Dessa forma, foi tomado como problema de pesquisa avaliar se o Sociodrama é capaz de contribuir para o desenvolvimento de competências gerenciais em uma instituição pública federal. Para tanto, procedeu-se a uma intervenção em um grupo de 20 gestores de seu quadro de pessoal, sendo nove mulheres e onze homens, com idades entre 25 e 64 anos e tempos de função que variavam de um a quinze anos de gerência. Utilizou-se do Sociodrama como método, com suas etapas, seus instrumentos e seus contextos. A sessão durou aproximadamente quatro horas. A pesquisa foi realizada em fevereiro de 2015 em uma cidade do interior do Estado do Paraná.

 

FUNDAMENTAÇÃO TEÓRICA

O Sociodrama é parte do legado de Jacob Levy Moreno. Para ele, o ser humano é naturalmente espontâneo e criativo. Criatividade é o "agir de modo adequado diante de situações novas, criando uma resposta inédita ou renovadora, ou ainda transformadora de situações preestabelecidas" (Gonçalves, Wolff & Almeida, 1988, p. 47). Seu produto é a conserva cultural, ou seja, a ação finalizada que atinge tal qualidade que deixa de ser questionada, tornando-se permanente e cristalizada (Moreno, 1975), podendo opor-se à própria criatividade. Espontaneidade é o "fator que permite ao potencial criativo atualizar-se e manifestar-se" (Gonçalves, Wolff & Almeida, 1988, p. 47). Por adequação, entende-se o ajustamento do homem a si mesmo, transformando aquilo que julga insatisfatório. "O novo comportamento ... deve ser qualificado com respeito à adequação in situ" (Fonseca, 2008, p. 33).

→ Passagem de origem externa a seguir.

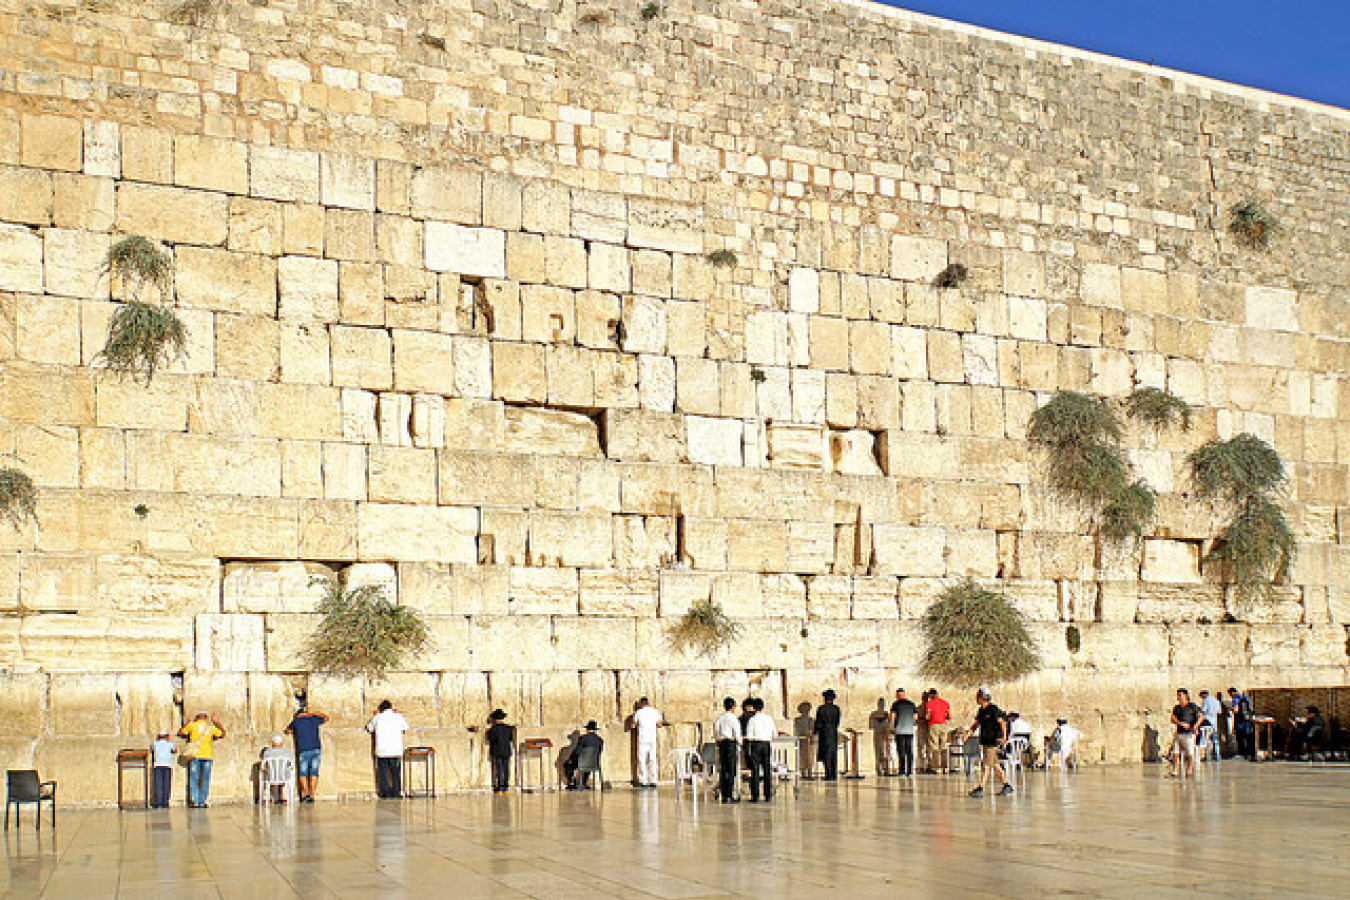 Israel-06898 - Wailing Wall

De acordo com Moreno, o homem só pode ser compreendido por meio das relações que estabelece. A base dessas relações é a tele, a "mútua percepção íntima dos indivíduos" (Moreno, 1975, p. 36). Trata-se de uma empatia de mão dupla. O seu negativo é a transferência, que corresponde ao embotamento ou a ausência do fator tele (Gonçalves, Wolff & Almeida, 1988). Nas relações de trabalho, o vínculo télico pode facilitar a performance das equipes e a realização das tarefas organizacionais, enquanto o transferencial pode prejudicar o desempenho de papéis, gerando mal-entendidos, confusões e conflitos.

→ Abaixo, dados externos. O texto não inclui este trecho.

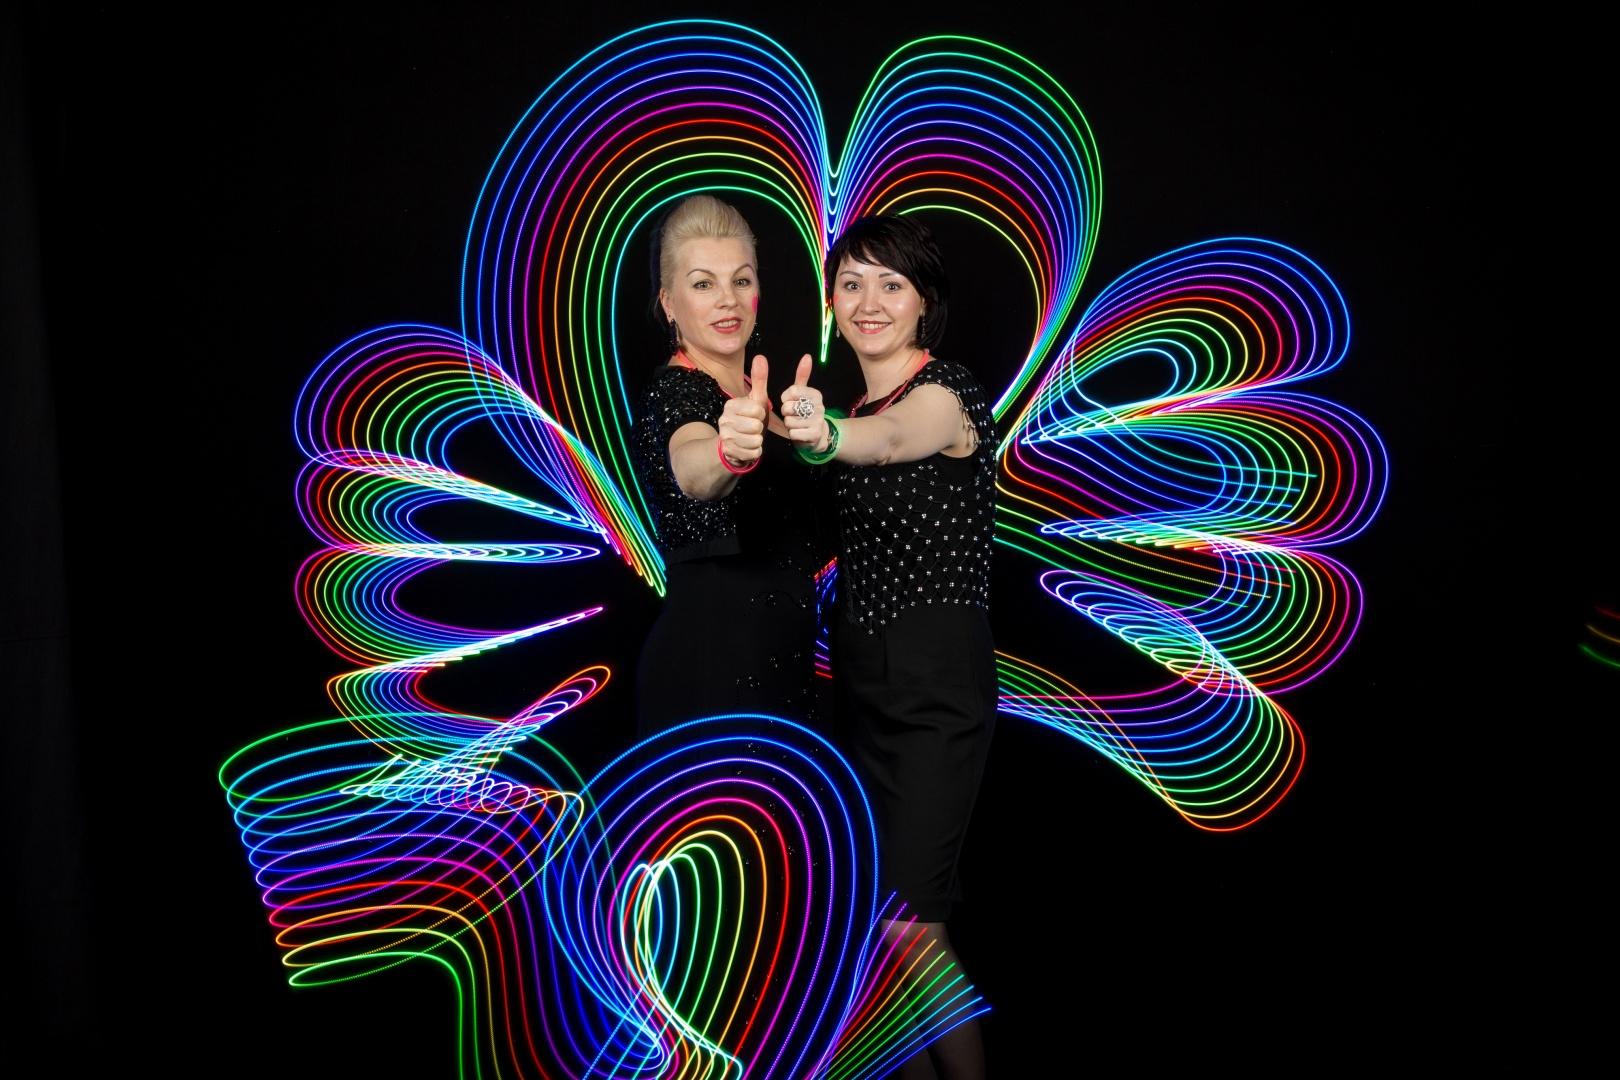 LED Painting - výlet do fantazie | Event Interactive

Papel é "a forma de funcionamento que o indivíduo assume no momento específico em que reage a uma situação específica" (Gonçalves, Wolff &Almeida, 1988, p. 67). Moreno (1975) ensina que um papel apresenta três fases distintas: role-taking, que é a adoção, a tomada de um papel; role-playing, que é o jogar com o papel; e role-creating, que é a fase final, em que o indivíduo cria sobre o papel, dando seu toque pessoal a ele.

As competências

Fleury e Fleury (2000) adotam o conceito de competência como um conjunto de conhecimentos, habilidades e atitudes que permitem ao indivíduo o desempenho eficaz de determinadas tarefas. Freitas e Brandão (2006, p. 98) definem-na como "combinações sinérgicas de conhecimentos, habilidades e atitudes, expressas pelo desempenho profissional, dentro de determinado contexto organizacional". O Dicionário de Psicologia da American Psychological Association (2010, p. 193), considera a "capacidade de ... lidar com problemas específicos de modo eficiente e de modificar o próprio comportamento ou ambiente", bem como "o repertório pessoal de habilidades, especialmente conforme se aplicam a uma tarefa ou conjunto de tarefas".

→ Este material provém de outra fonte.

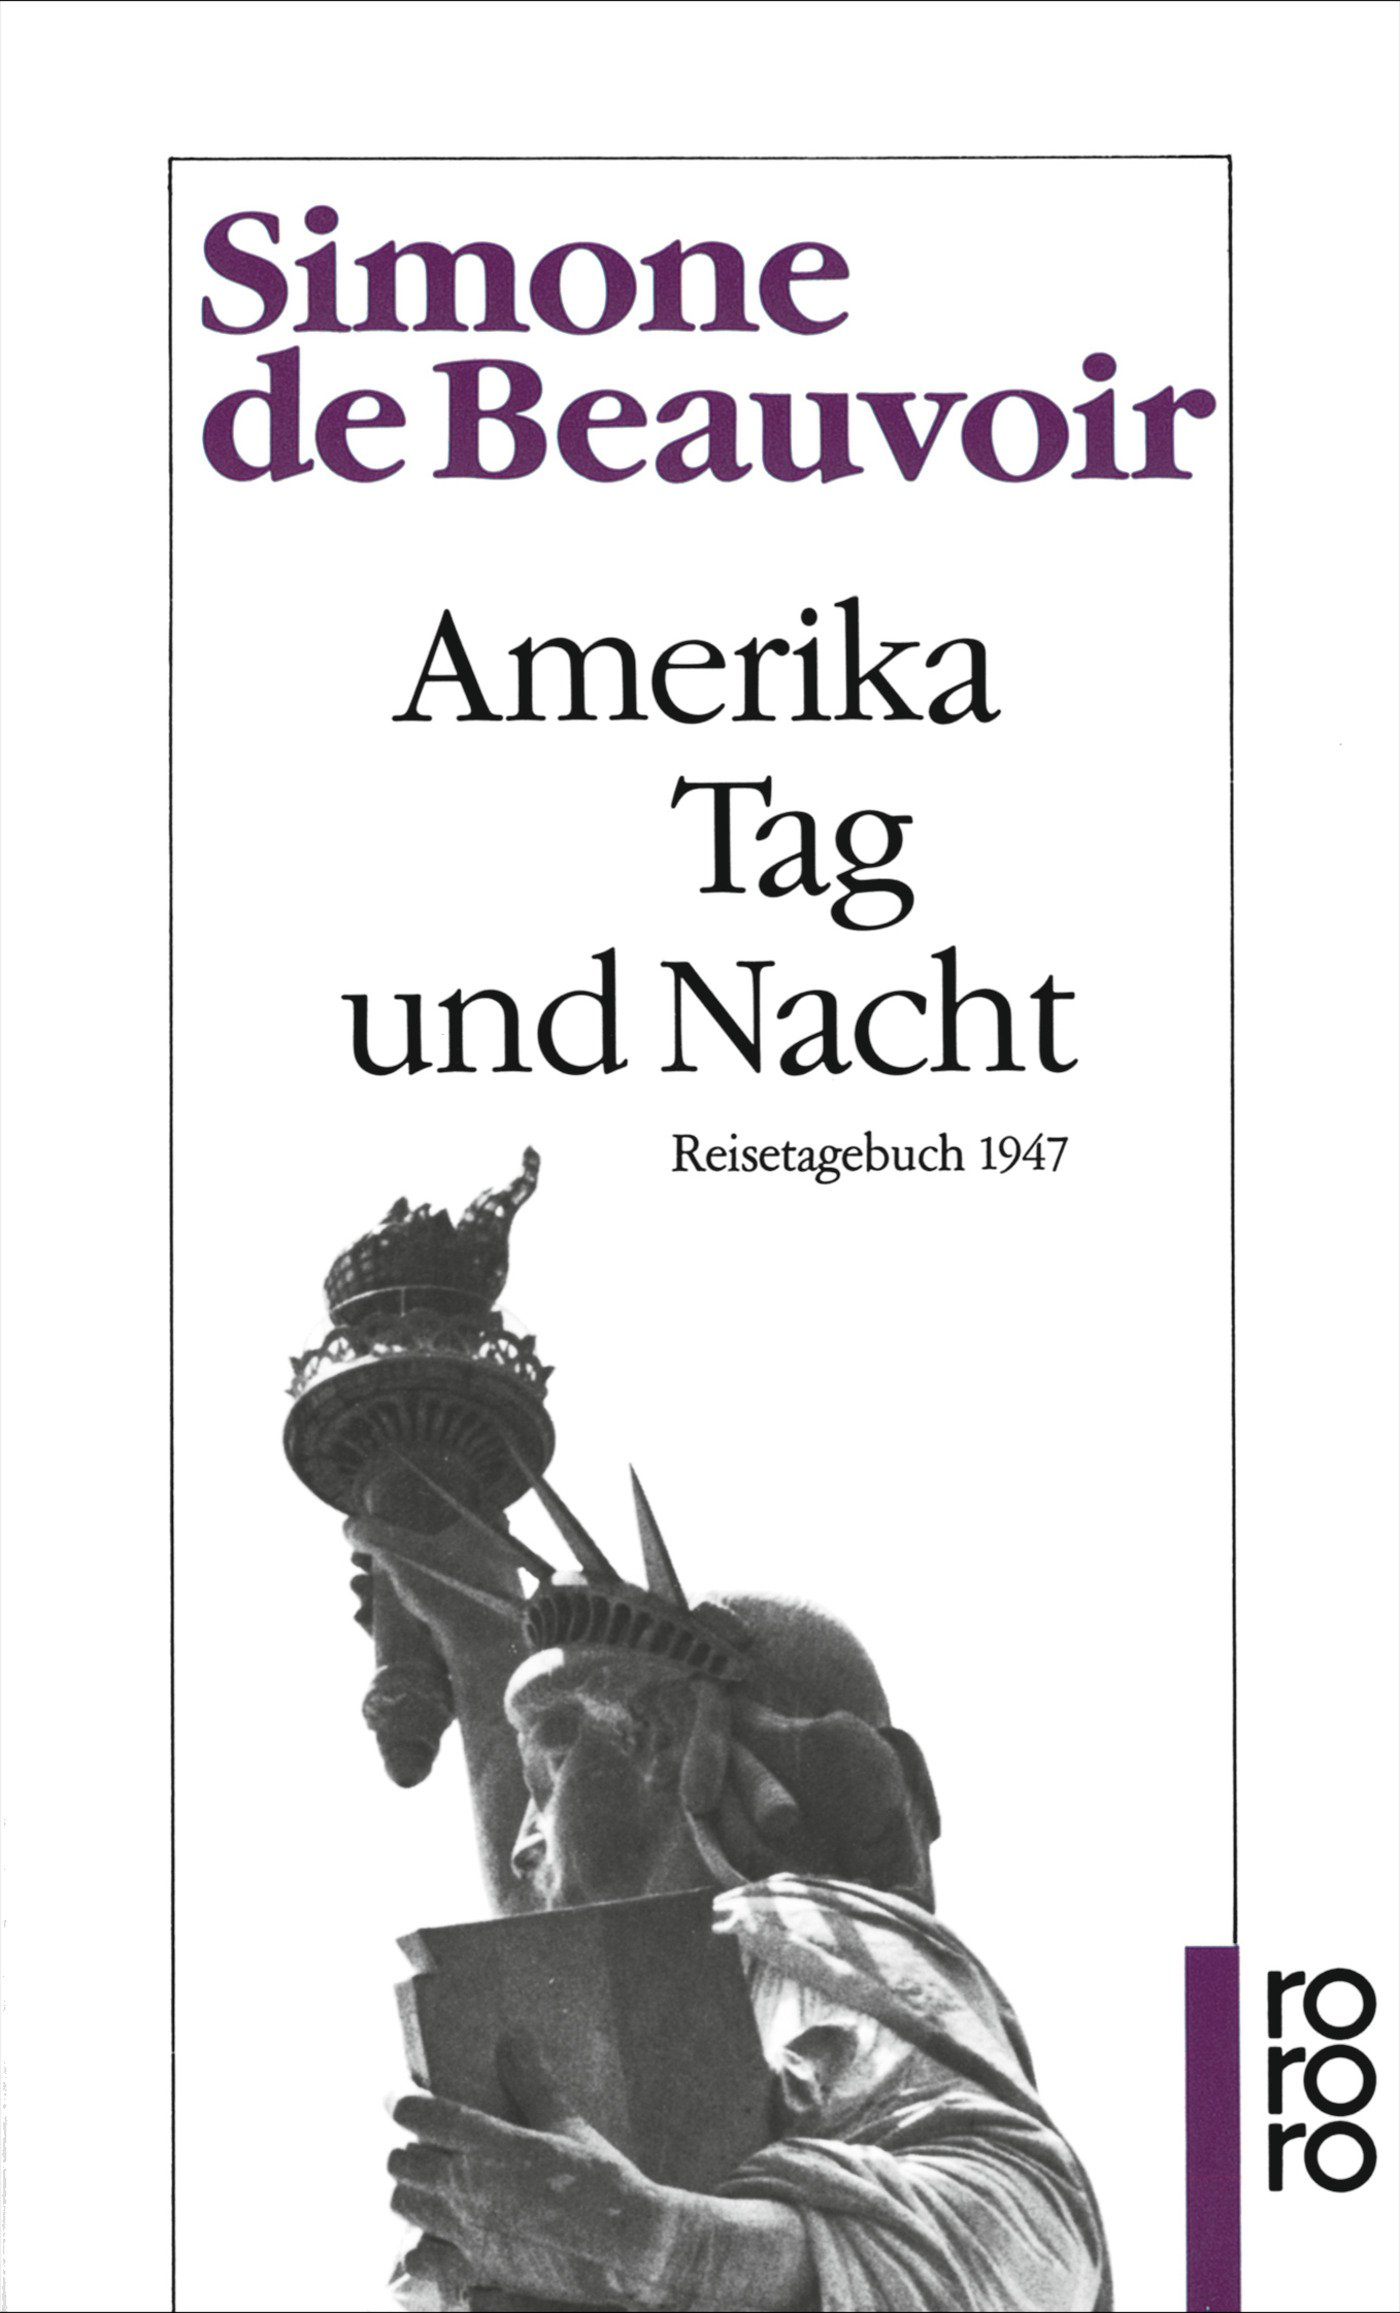 Amerika Tag und Nacht: Reisetagebuch 1947

Pelo exposto, é possível inferir que a competência existe quando há a resolução adequada de determinada situação-problema. Nesta pesquisa, trabalhou-se com as situações trazidas pelos participantes e, por meio da cocriação, visou-se ao treino de diversificadas respostas para cada uma delas, buscando a máxima adequação.

O Sociodrama no desenvolvimento de competências

Drummond, Boucinhas e Bidart-Novaes (2012) sustentam que o Sociodrama, por meio da ação dramática, permite ao indivíduo um agir mais consciente sobre suas demandas, com espontaneidade e criatividade, fazendo-o compreender seu atual estágio de desenvolvimento do papel, alterando condutas cristalizadas e readequando o que já está desatualizado. O diferencial do método moreniano é o role-playing - ou jogo de papéis -, técnica que permite às pessoas se perceberem no lugar do outro, bem como inverter os papéis entre si e observar a própria conduta, possibilitando a experimentação de novas formas de atuação dentro do papel e encontrando novas saídas, mais saudáveis (Drummond & Souza, 2008).

O role-playing tem o condão de produzir a realidade suplementar que "representa as dimensões intangíveis, invisíveis da vida intra e extrapsíquica ... , não inteiramente experimentadas ou expressas" (Moreno & Moreno, 2006, pp. 25-26), permitindo treinar uma função ou um papel de modo efetivo, explorando suas múltiplas possibilidades. O indivíduo fica

livre para experimentar o papel e falhar no seu desempenho, pois sabe que lhe será dada uma oportunidade para tentar de novo ... até que finalmente ele aprenda novas abordagens às situações temidas, abordagens que poderá de agora em diante aplicar in situ, na própria vida. (Moreno & Moreno, 2006, p. 30)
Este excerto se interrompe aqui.